• [REQUIREMENT]: Write the full listing out again, word for word, but omit the pictures.

#### DATA PROVIDED

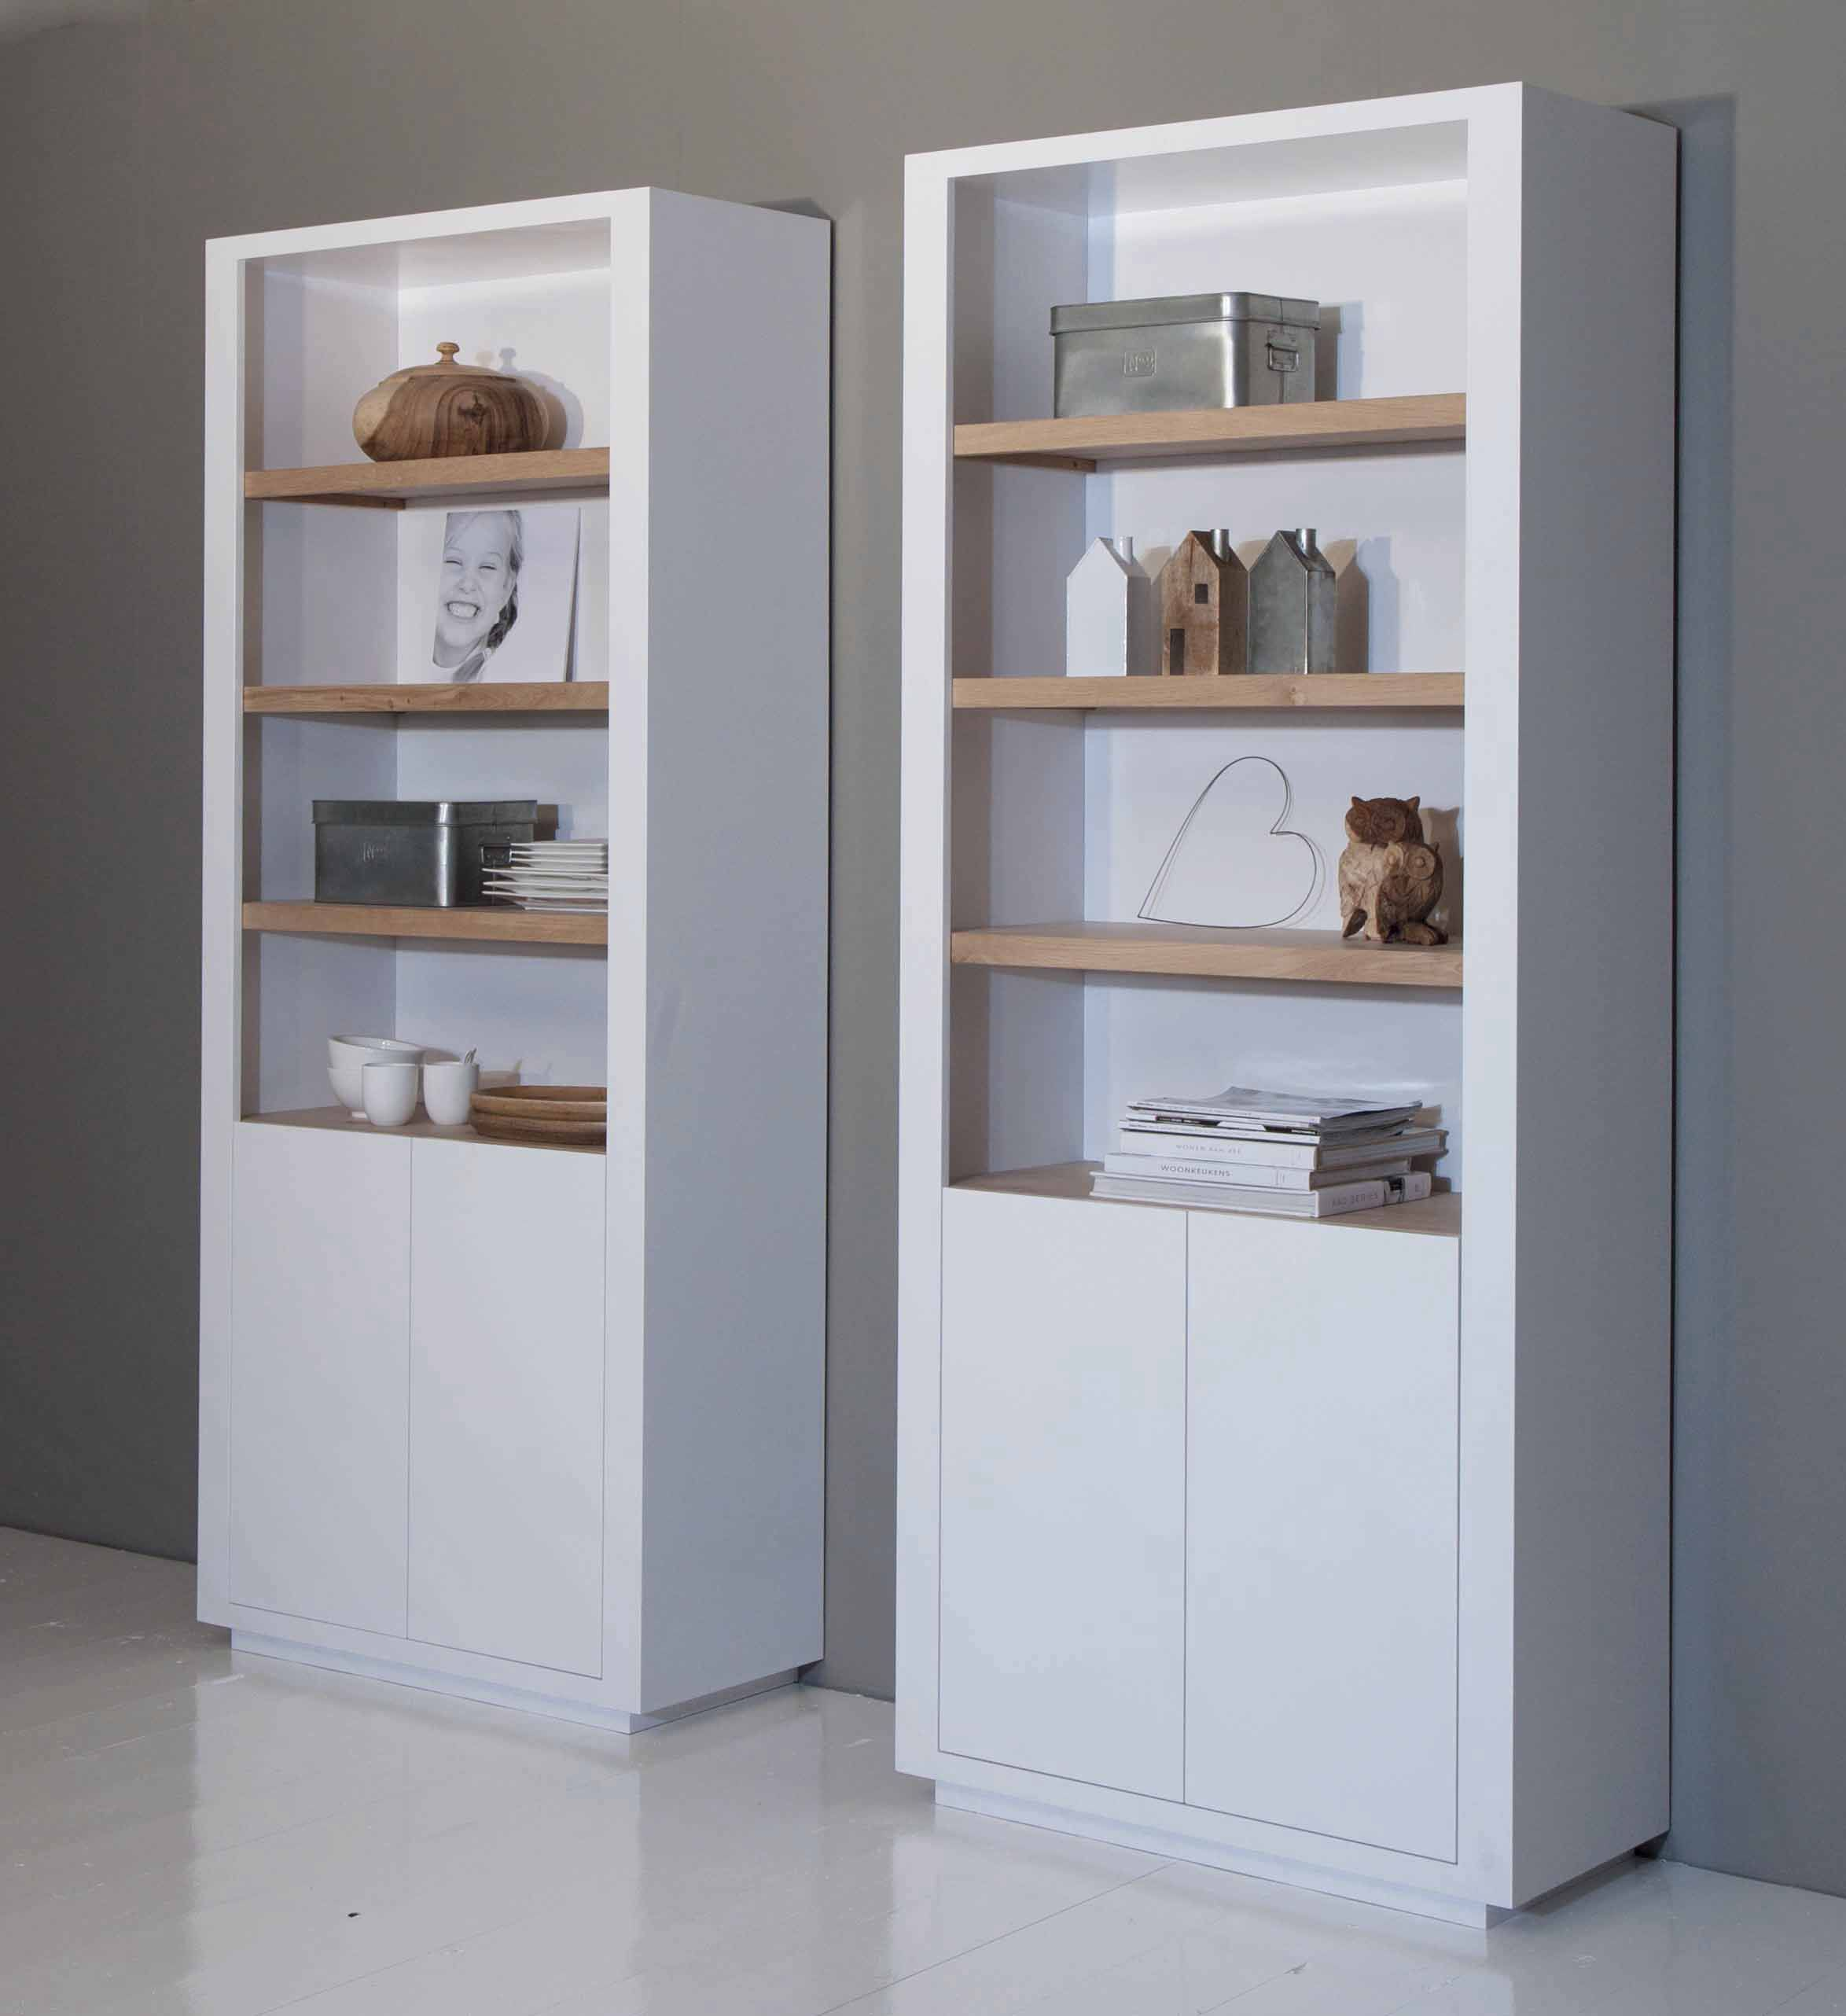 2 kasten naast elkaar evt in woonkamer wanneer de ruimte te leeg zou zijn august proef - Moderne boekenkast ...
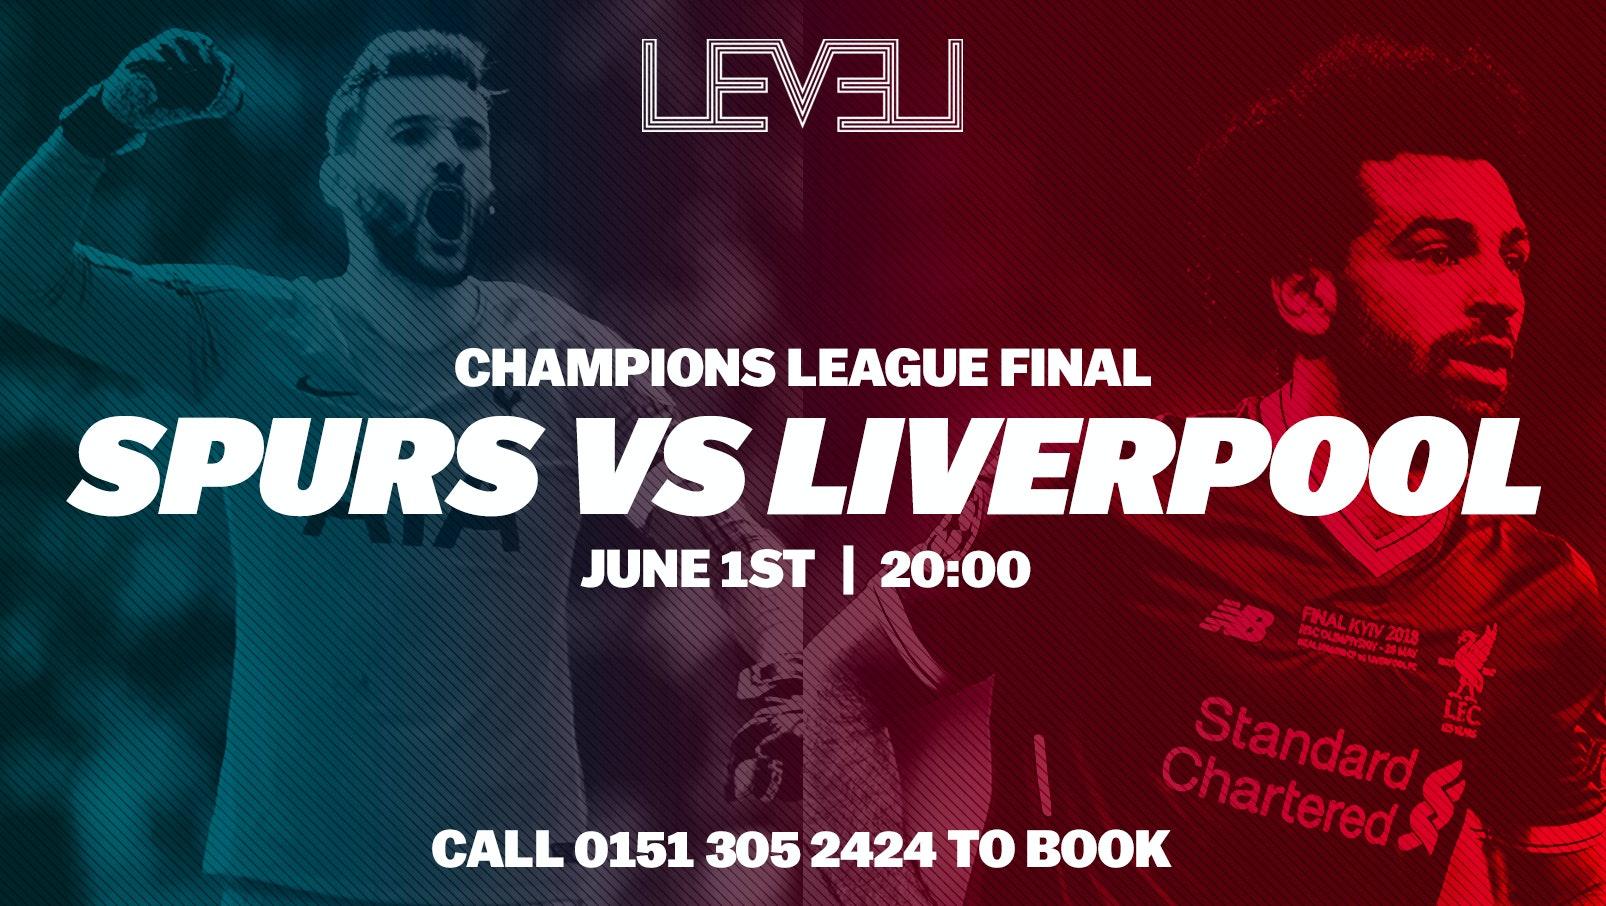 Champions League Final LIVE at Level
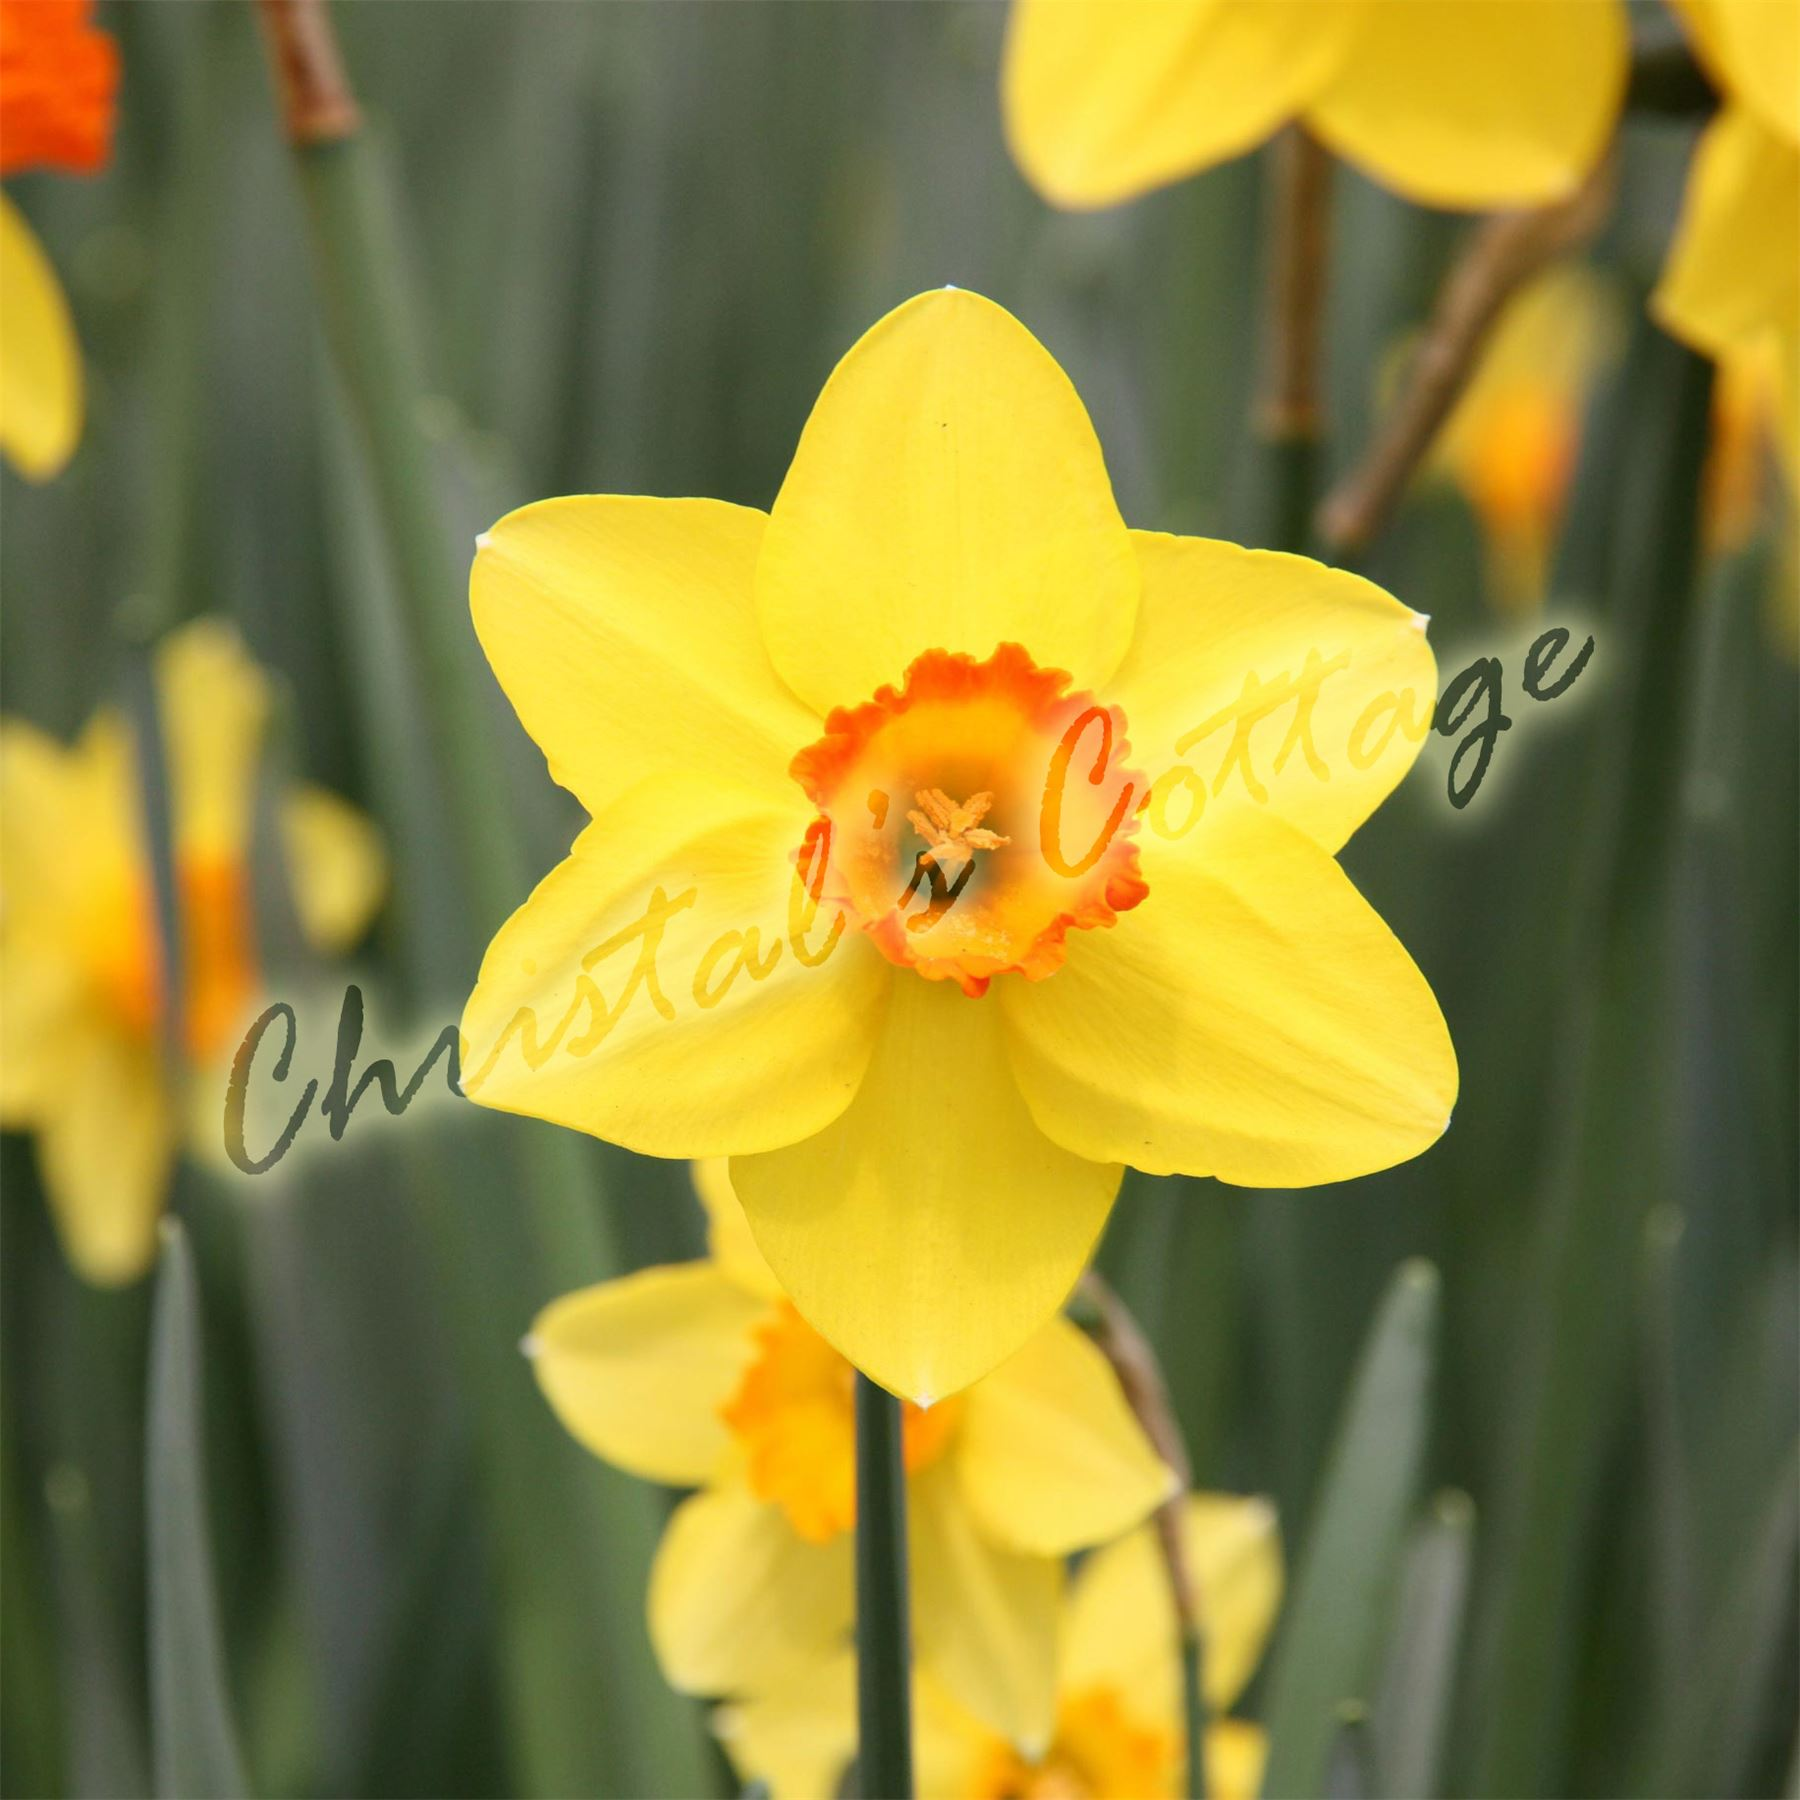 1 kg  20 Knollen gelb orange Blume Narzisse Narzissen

########

• [RESULT OF THIS EXERCISE]:
 2 kasten naast elkaar evt in woonkamer wanneer de ruimte te leeg zou zijn august proef - Moderne boekenkast ...
 Champions League Final LIVE at Level
 1 kg  20 Knollen gelb orange Blume Narzisse Narzissen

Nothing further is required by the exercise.